The last thing any working grunt wants to deal with on a given day is crap from their boss. This is why an a**hole always asks to speak to the next person in command. If a customer service rep is giving you lip, ask to speak to the manager. If the manager is a wall of moron, ask to speak to his or her supervisor. Keep climbing up the ladder until your issue is resolved.
If you keep getting passed around from person to person, make a nuisance of yourself by calling every single person in the chain every day of the week until someone solves your problem. Leave messages with each person. Be sure to write down everyone you've called and the date and time. Use all this to build your case.
Take your problem to the masses. Word of mouth in online social media circles is having a huge effect on the average consumer, and businesses have noticed this trend. Businesses are terrified of word leaking about just how terrible they are at helping the customer.
So if you're at the end of your rope, use social media sites like Facebook and Twitter to turn one little voice into a thousand negative voices. There might even already be a "Wal-Mart Sucks" Facebook group, or an entire anti-McDonald's Web site appropriately named McSucks. If the group doesn't exist, get one started and bother people to join. They're playing Farmville all day -- they've got nothing better to do.

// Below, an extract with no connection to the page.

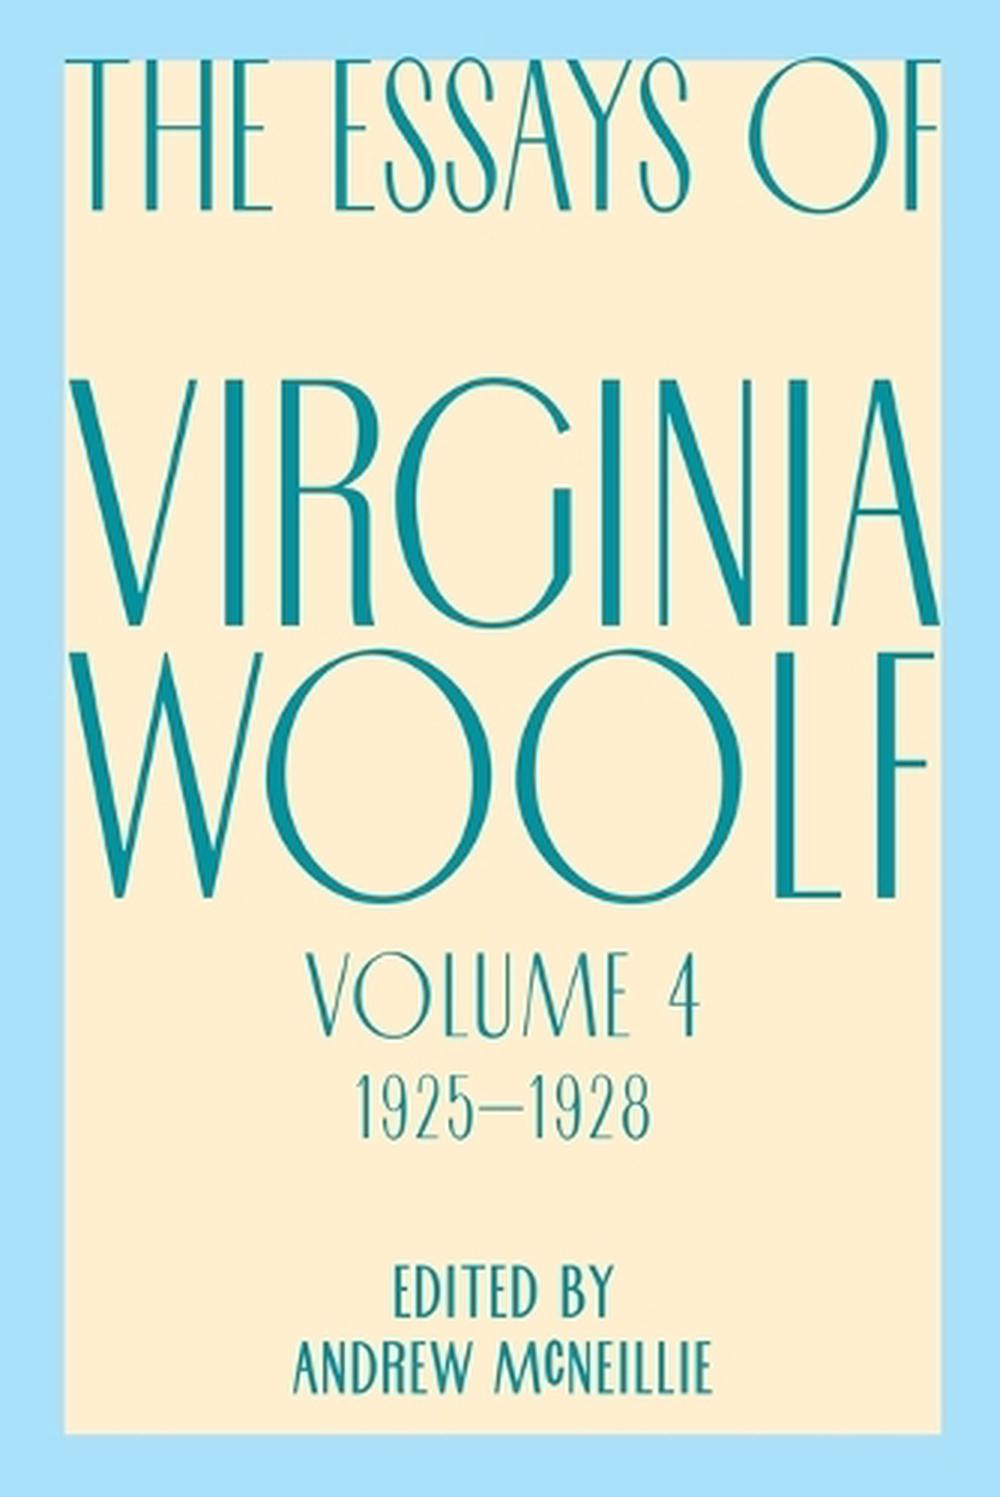 virginia woolf essay crossword
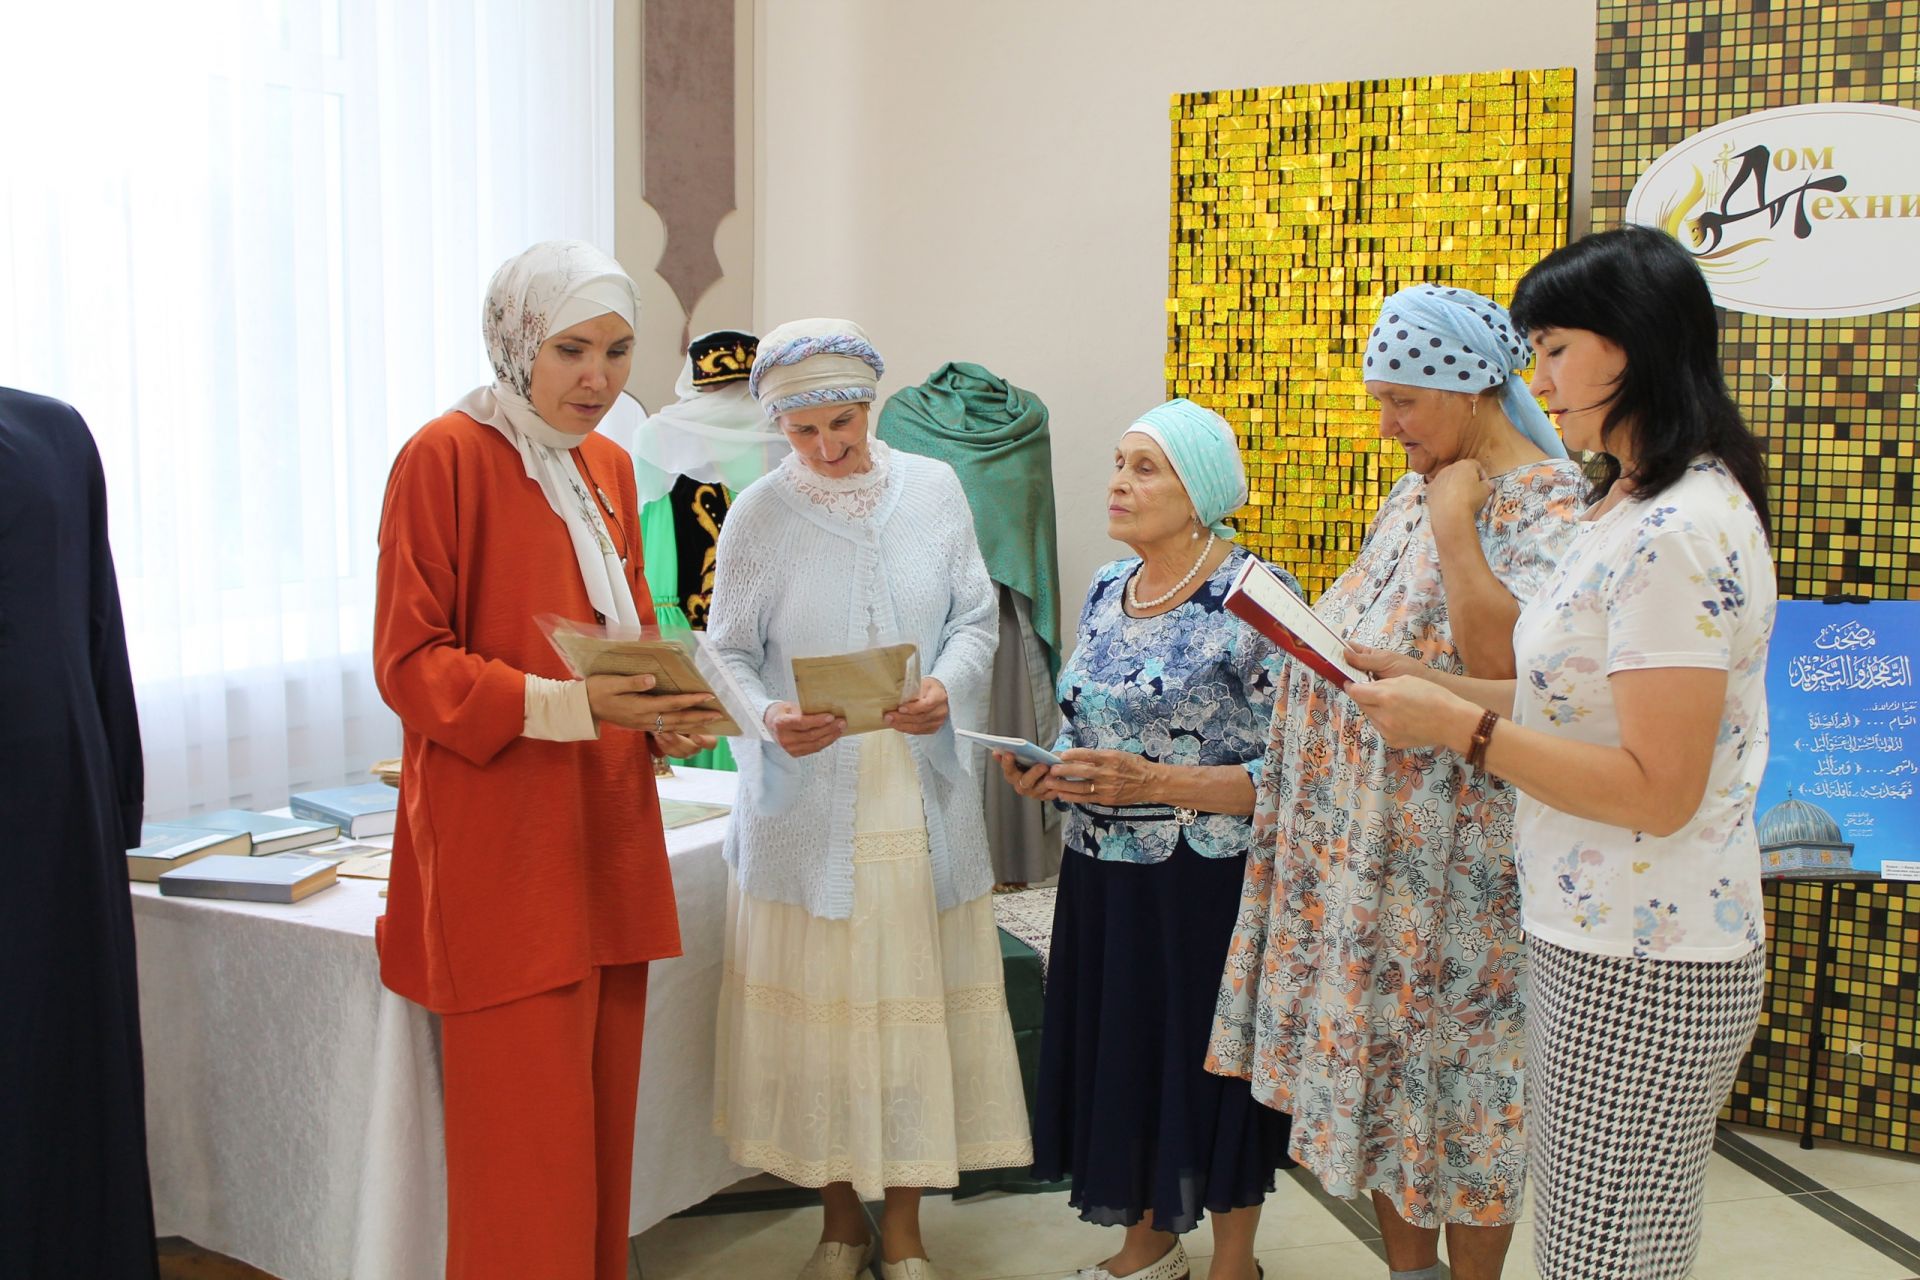 В Доме техники появилась экспозиция к 1100-летию принятия Ислама Волжской Булгарией

Or shoot an email to consumer vigilante Web site The Consumerist, which exists to inform reader of the latest scams and rip-offs in the world of consumerism.
Abandon ship.
An a**hole never lets someone else come out on top. Many people think the customer service rep, or the company in general, is in control. As the consumer, you hold the power in every situation.
If a credit card company is constantly harassing you with daily phone calls but won't reduce your interest rate; cancel and move the balance to another card. If you can't watch "The Dog Whisperer" because your cable is constantly out, change to another provider or cancel all together. Cell phone provider pissing you off? Pay whatever it takes to get out of the contract and find another provider. If they're smart, they'll do everything in their power to keep your business.
In any case, always be prepared to walk away. Will you miss them anyway?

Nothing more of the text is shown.